When I was a little kid, there was something there that was just like what I thought of then, sort of inarticulately as sweetness or goodness. It was something that I was feeling in myself that felt wholesome. That's the best word I can say for it.
And when I wasn't following that, I didn't feel right with myself or the world. And when I was following that, everything sort of fell into place. Even if people around me were objecting, I felt right with myself.
So I had this very strong feeling of right with myself or wrong with myself. And it felt bigger than just this one person. It felt like something I was following.
And now I have a much richer experience of that, you know, of wisdom, of wisdom embodied by my guru Anandamayi Ma. Or just wisdom, or wisdom embodied by any of the teachers who have revealed more of that to me.
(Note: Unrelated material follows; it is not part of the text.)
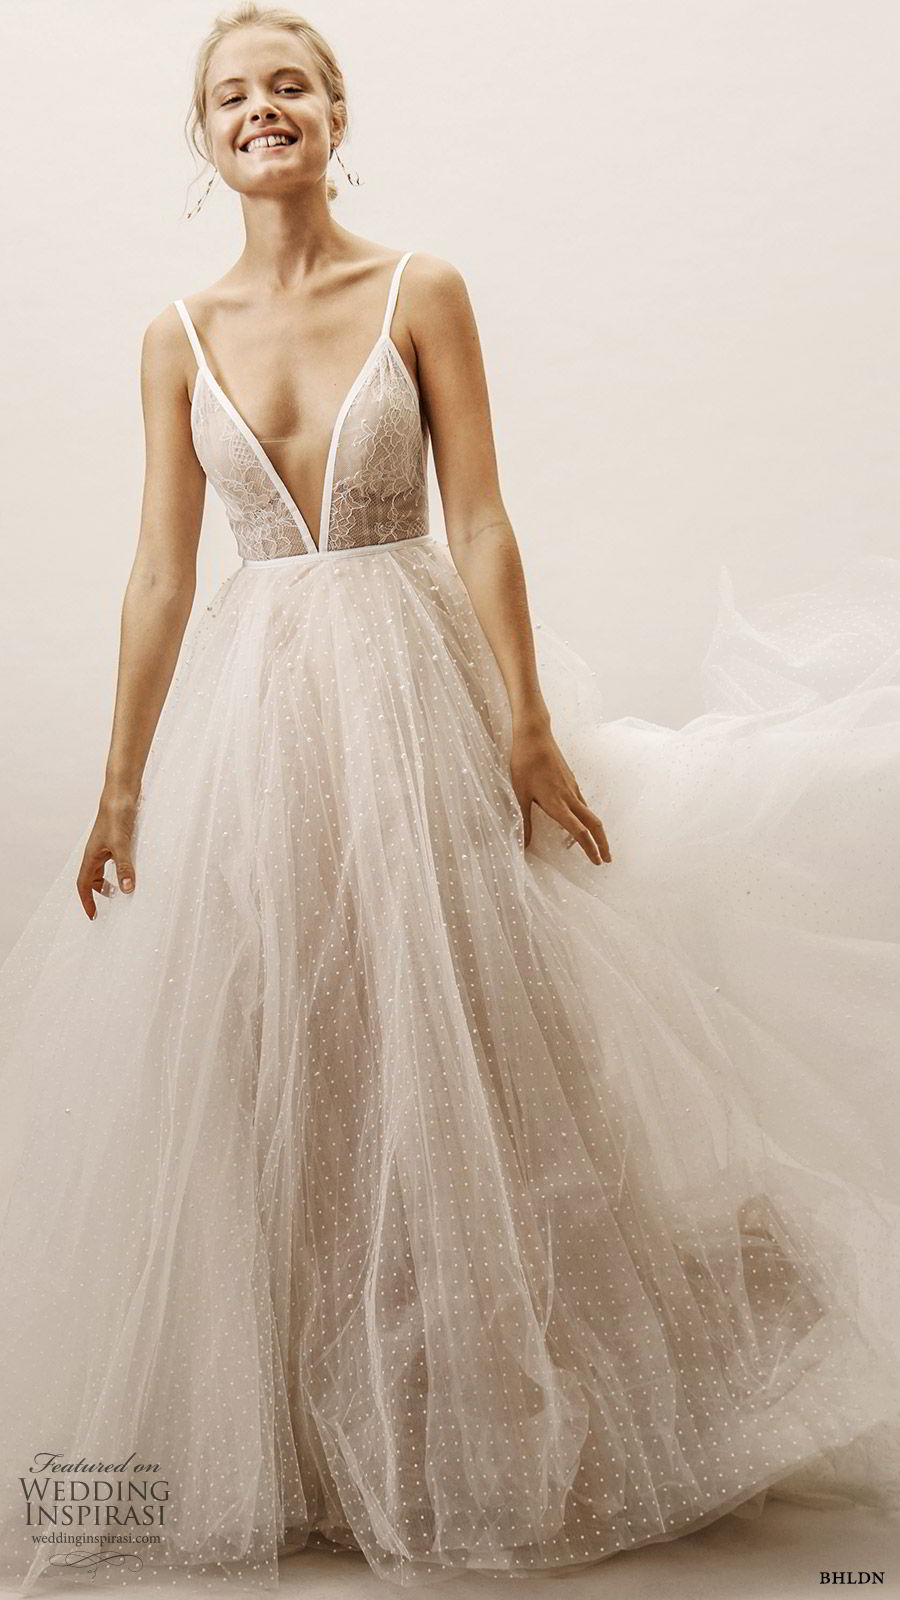 bhldn spring 2019 bridal sleeveless straps deep v neckline embellished bodice a line ball gown wedding dress romantic elegant (1) mv

So in a sense, student doesn't seem like quite the right word, because I don't feel like I'm learning new things. I feel like I'm deepening and becoming more immersed in whatever that is and following that to the best of my ability.
So I feel very much like a disciple. Feels a little different than a student to me.
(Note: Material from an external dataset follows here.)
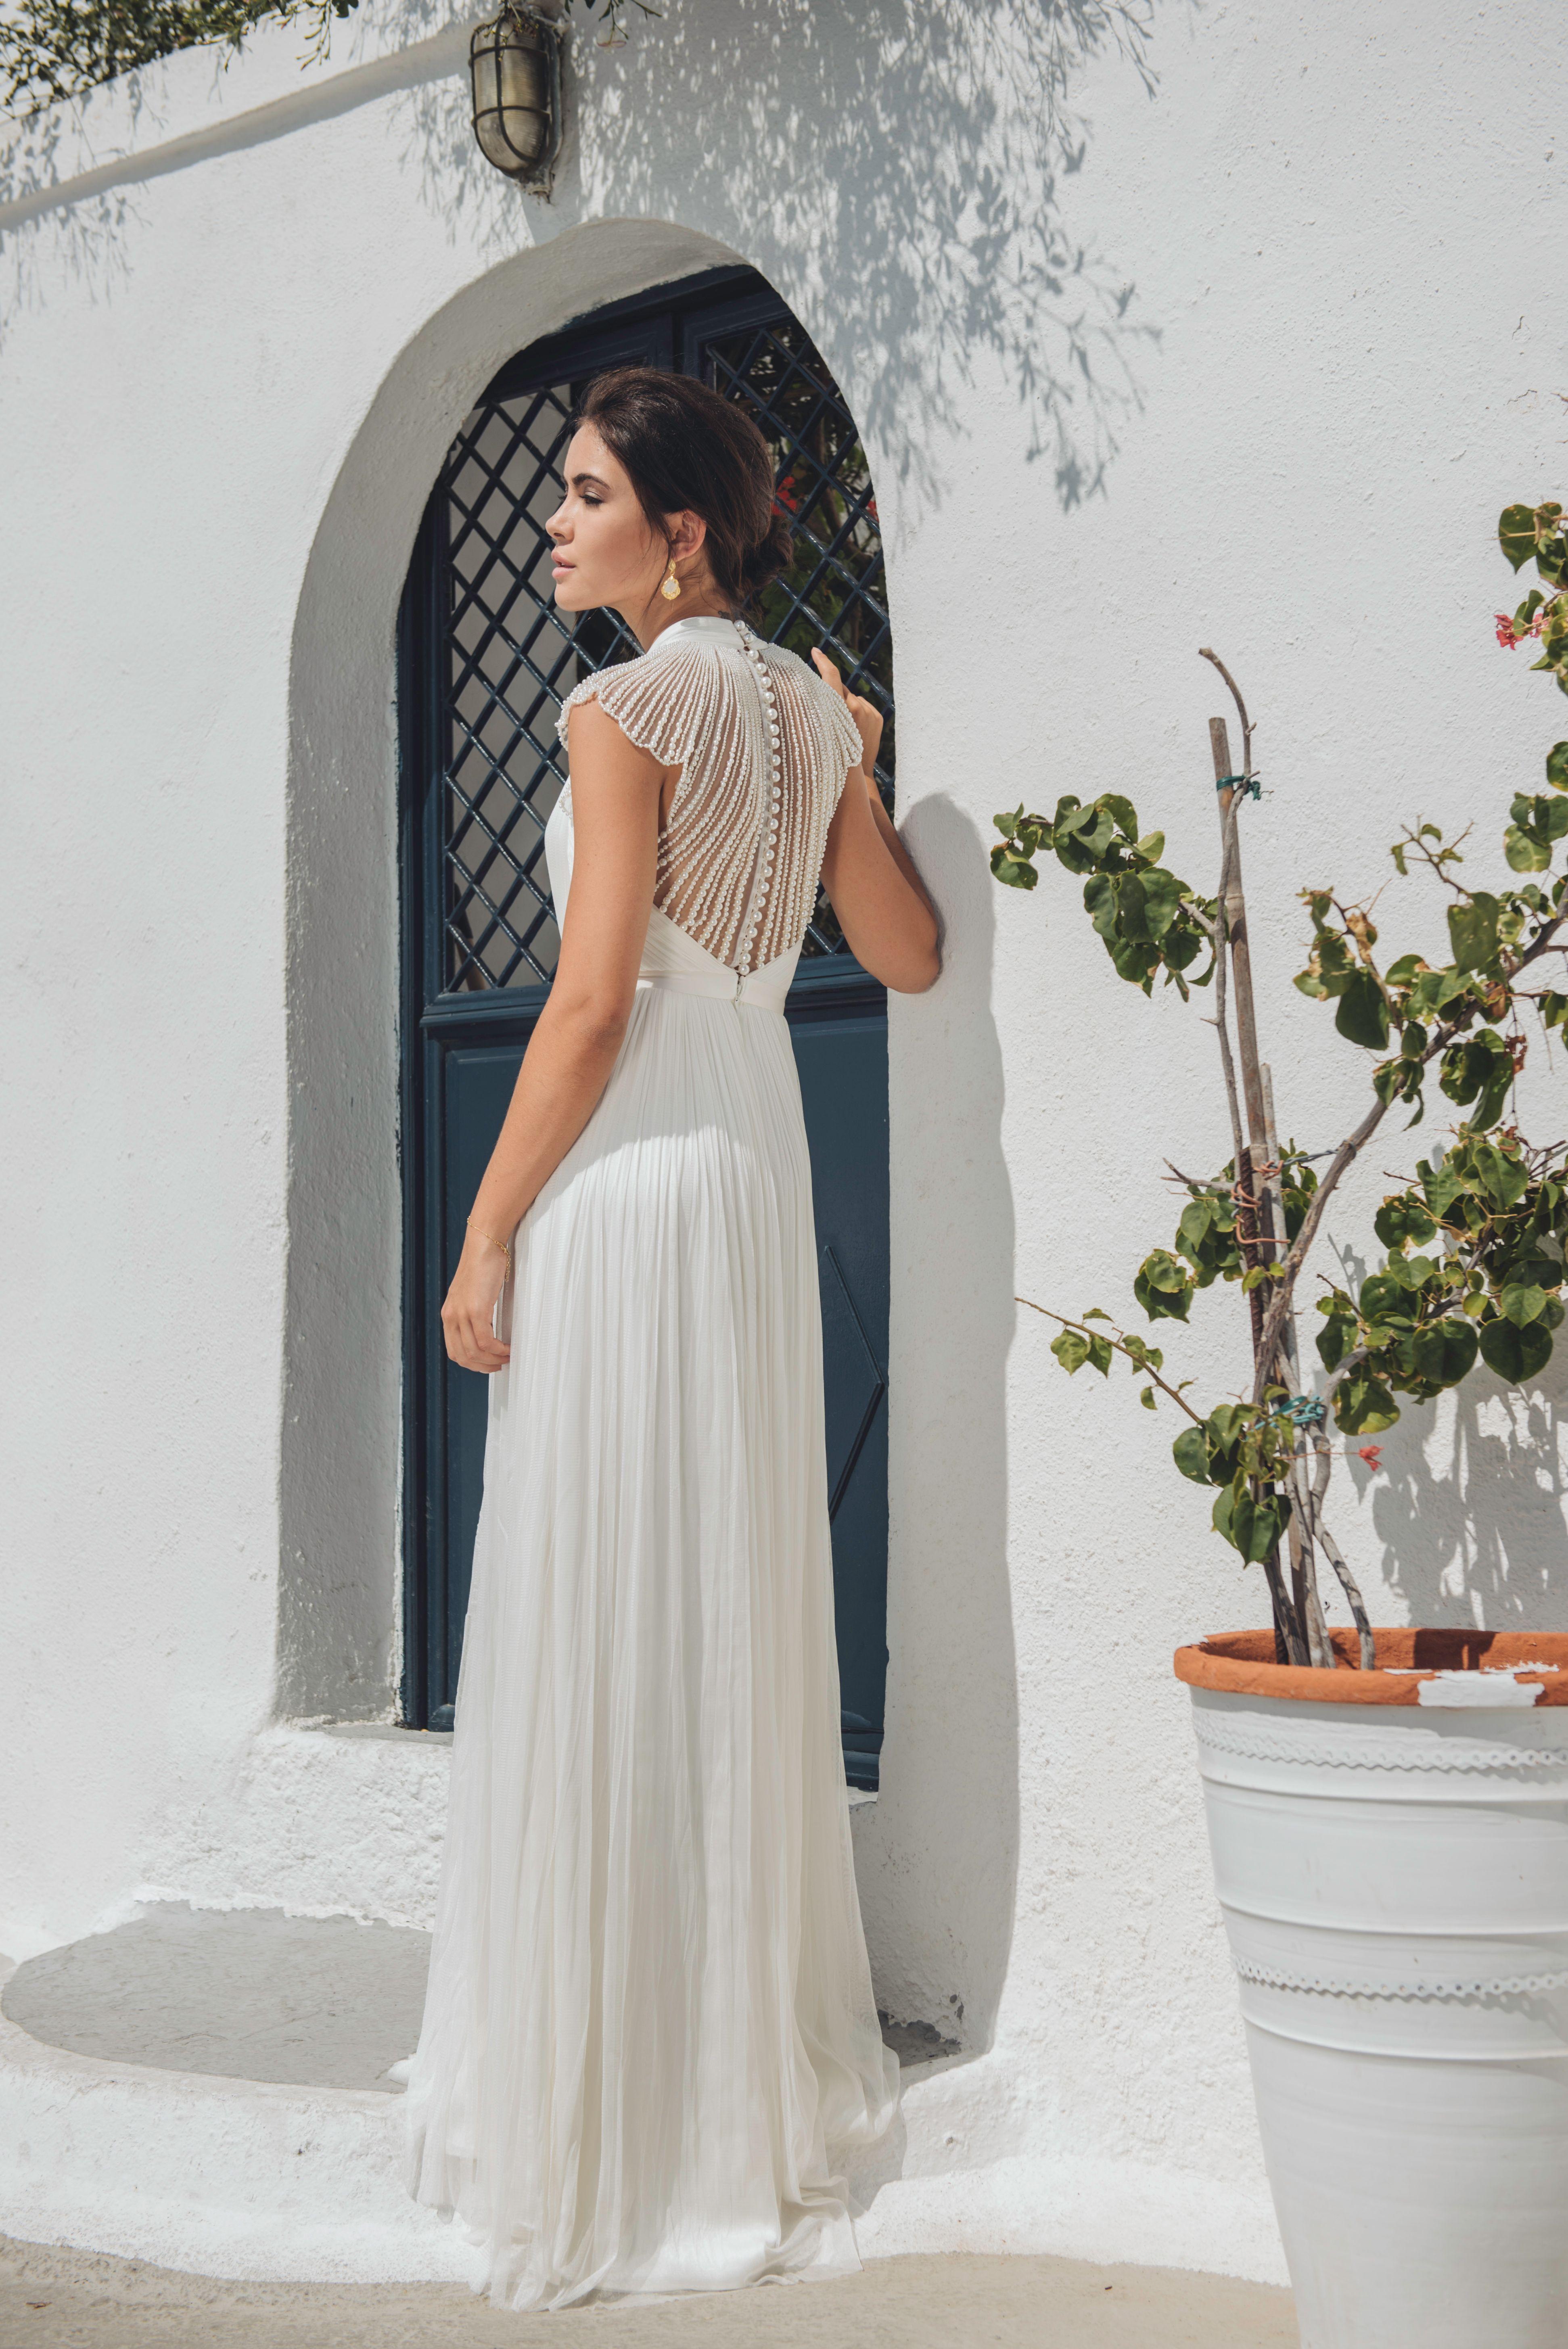 41+ Catherine deane dress ideas

The first students I ever had outside of when I was assisting other teachers was when I was in Chicago, teaching at Northwestern University.
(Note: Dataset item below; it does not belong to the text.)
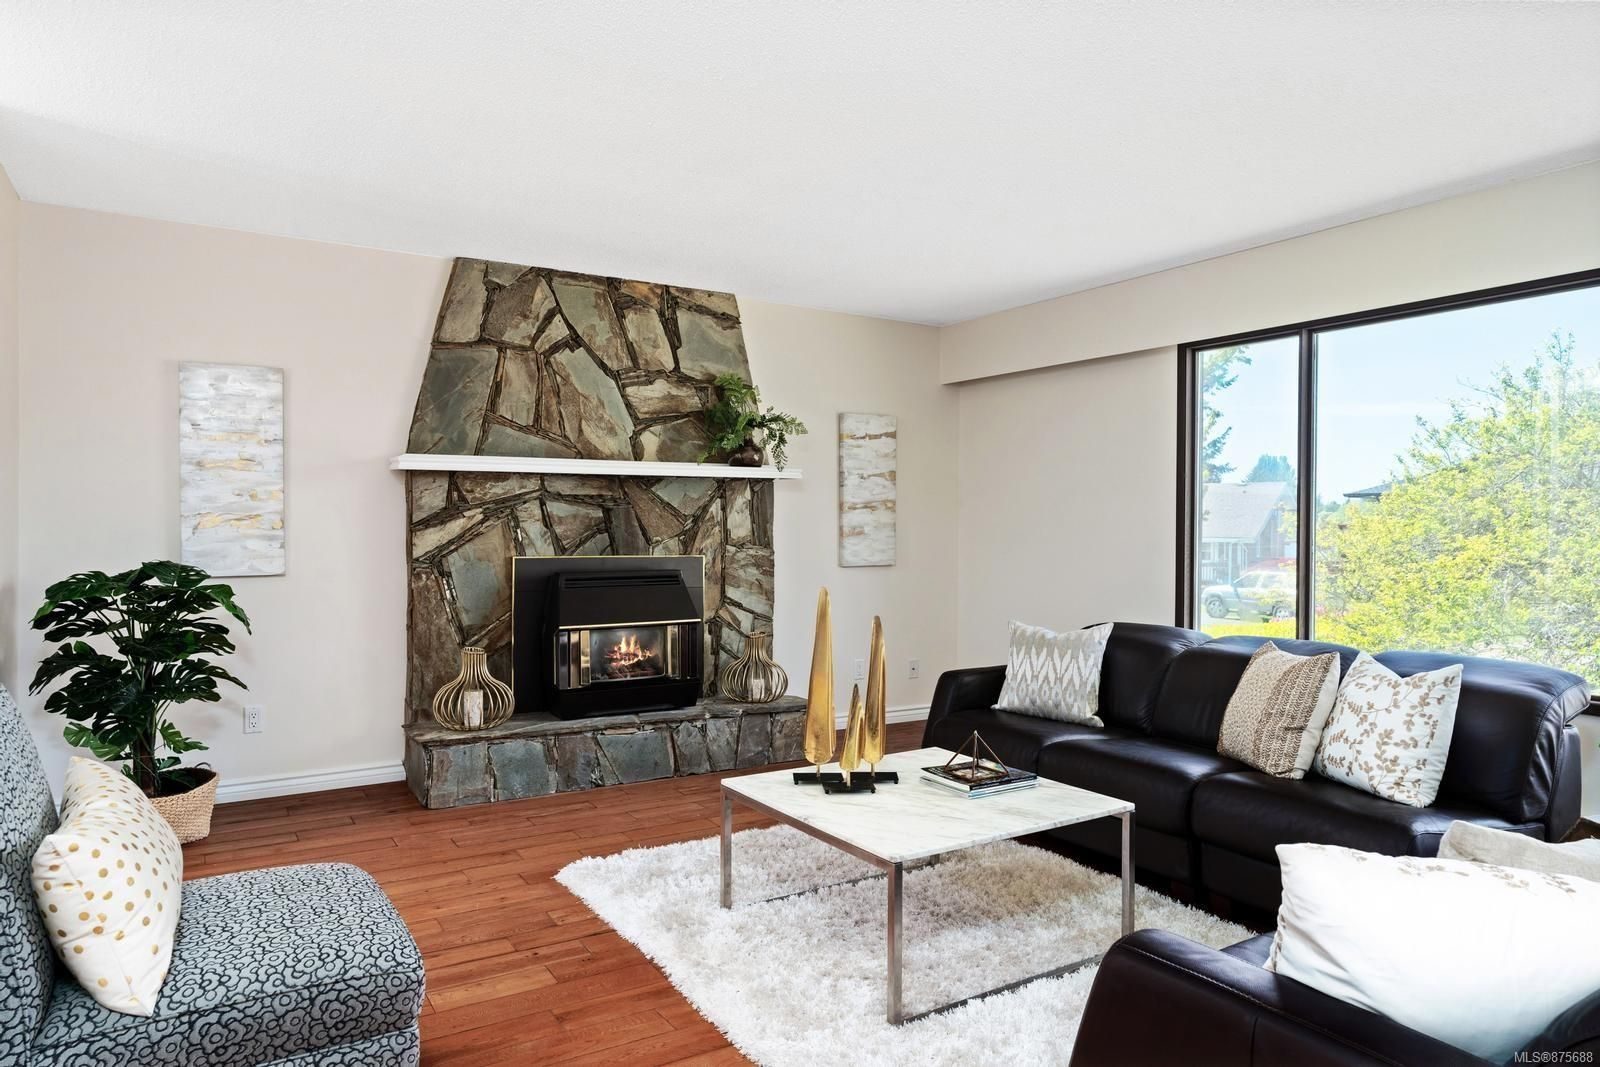 Main Photo: 4341 San Cristo Pl in : SE Gordon Head House for sale (Saanich East)  : MLS®# 875688

And my then teacher had told me to start a little weekly class. He didn't really tell me what it should be about, but basically it was at a yoga studio, an Ashtanga studio, and it was a weekly gathering of just people doing a little bit of practice and talking about view.
So that was the first time I ever taught, on my own, spiritual stuff. And then I came back to California and broke up with my teacher. And there was another weekly little class that was happening, more like a satsang, and also doing some practice together.
But it wasn't under the name of anything, like, Jaya Kula didn't exist. Some of those people are still in our lives as Jaya Kula, but Jaya Kula didn't happen until I decided that I had to leave the Bay Area.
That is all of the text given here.